In Muti v. University of Maryland Medical Systems, the Maryland Court of Special Appeals returned to a subject that, until recently, has gotten little attention by our appellate courts: “use plaintiffs” in wrongful death cases.
This is a medical malpractice wrongful death and survival action claim brought by two men who alleged that the University of Maryland Medical Systems (“UMMS”) doctors negligently tore their father’s trachea during an intubation procedure after he had an acute myocardial infarction. The plaintiffs’ malpractice lawsuit alleged the doctors failed to timely treat the torn trachea which led to complications that caused their father’s death.

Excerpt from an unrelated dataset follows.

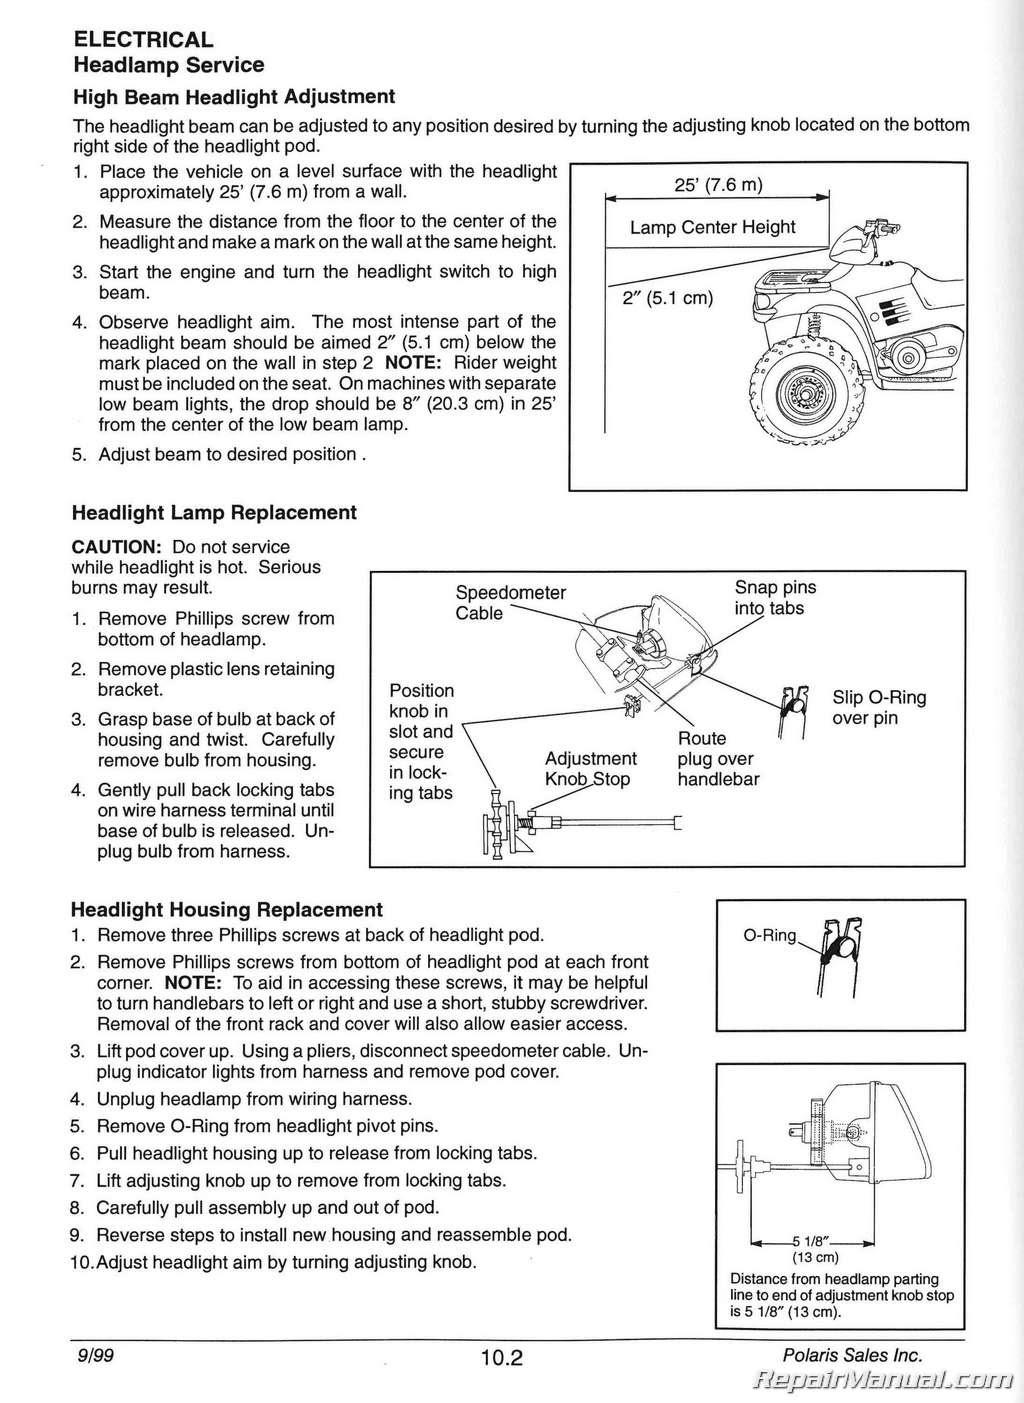 Diagram Polaris Sportsman 335 Wiring Diagram Full Version Hd Quality Wiring Diagram Cadieceoronacasasdecorintia Poderonevecchio It

Tragic anyway you look at it but, so far, nothing out of the ordinary in a medical malpractice case. Until, in deposition testimony that apparently surprised lawyers on both sides, the sons testified that their father had a third adopted son. The hospital and the doctors jumped on this, move to dismiss for failure to join a necessary party. Baltimore City Circuit Court Judge Evelyn Cannon dismissed the plaintiffs’ wrongful death claims without leave to amend, finding that in applying the law the court should not look to see “whether or not this will make it difficult for one party or the other.” This barred the wrongful death claim because the three-year statute of limitations had passed.

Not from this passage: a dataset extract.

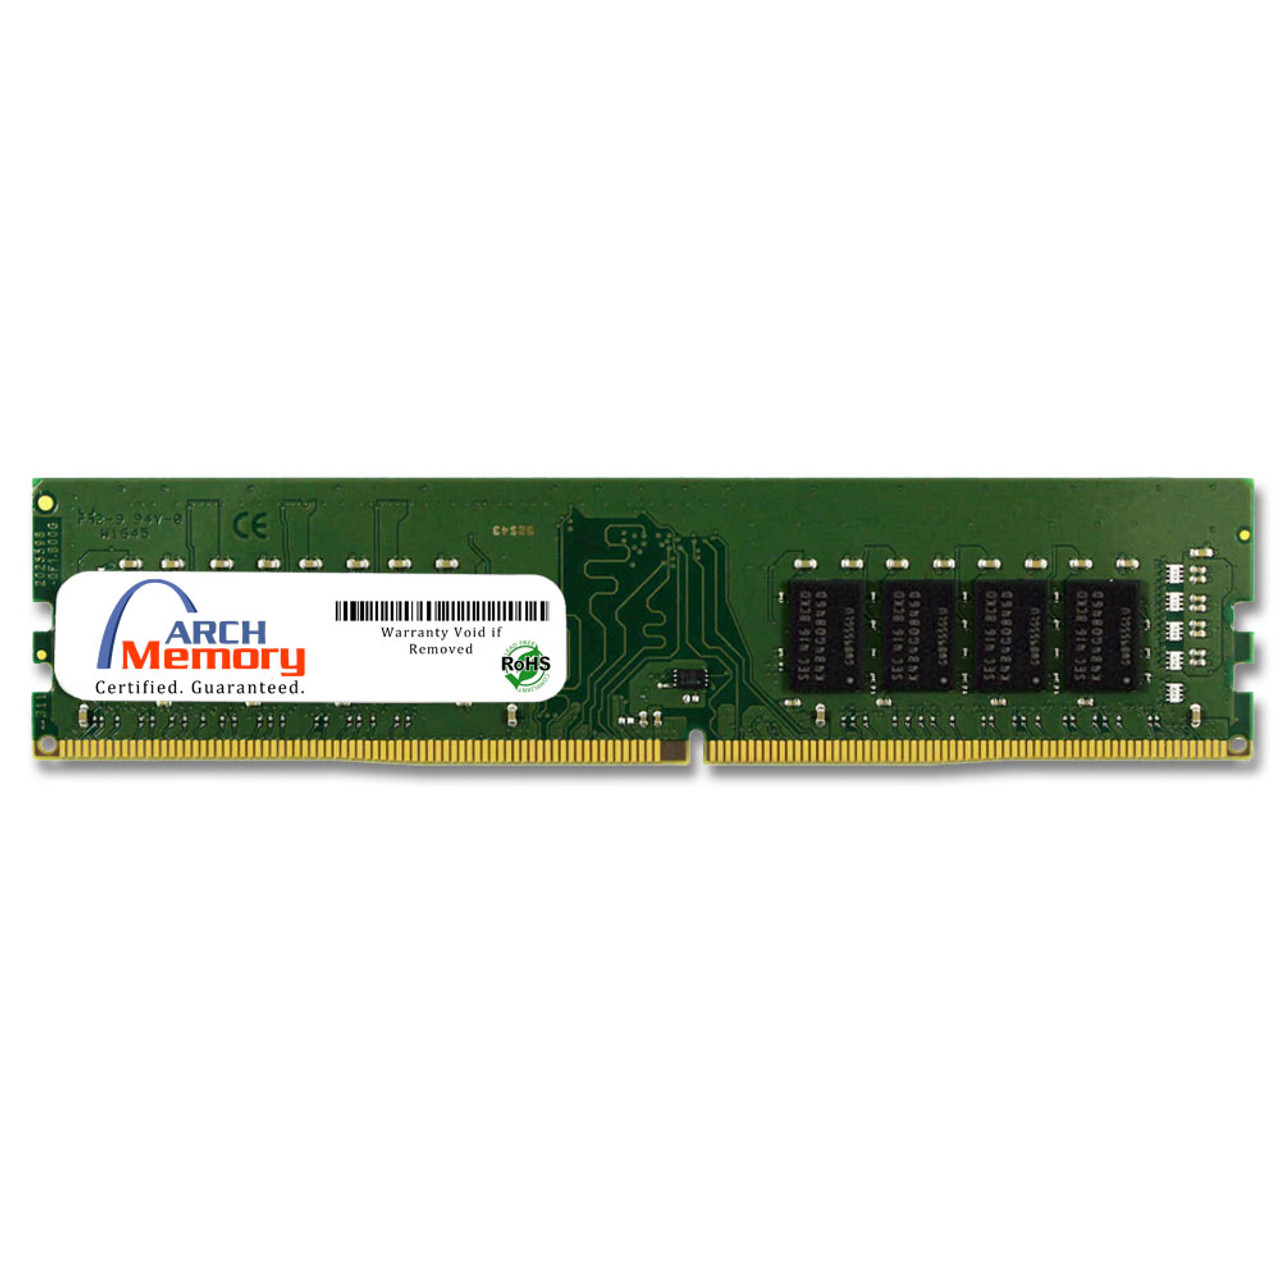 4GB DDR4-2133 PC4-17000 288-Pin Non-ECC Unbuffered RAM

The Court of Special Appeals found that it was not an abuse of discretion for the court to dismiss when it dismissed their claims. The court also acknowledged in a footnote that this was a tough issue for the trial court to sort out. But, ultimately, the court’s dismissal of the claim would unduly prejudice the interests of the third son and the court should grant Plaintiffs’ attorneys leave to amend to add the third son. Ironically, that interest never would have existed had the plaintiffs not sued.
The trial court also granted summary judgment because plaintiffs did not proffer expert testimony sufficient to get the case to the jury. The Maryland Court of Special Appeals disagreed for reasons that are largely case-specific. The court did, however, underscore one key tenant of Maryland law for expert testimony:
Appellee’s last resort is to argue that [the expert] lacked a factual basis for his opinion because, despite his training, knowledge, and experience, there was no study proving his ultimate hypothesis that in these circumstances, a tracheal tear is most likely caused by negligence, viz., improper force or technique. We do not find this argument persuasive. It is unreasonable to require appellants or their expert to produce a study whose conditions match all predicate facts of the case and whose conclusions fit the expert’s theory. This is especially true where the expert opinion accounts for multiple factors that we would not necessarily expect to see combined in a single statistical inquiry. Instead, [the expert] relied upon his training, knowledge, and experience to infer likelihood from the available facts. In short, the fact that [the expert] lacks a pointed study goes to the weight of the evidence and not its admissibility (citations omitted). Whatever challenges appellee can bring to rebut [the expert’s] opinion must be made before the trier of fact.
Maryland courts will not require doctors to produce studies or textbook chapters that line up with specifics in malpractice cases. This door swings both ways. Doctors can find experts who can defend otherwise indefensible cases using broad “because my experience tells me so” experts. I think the Maryland appellate courts would address this concern by saying, “This is why we have juries.” So it is what it is.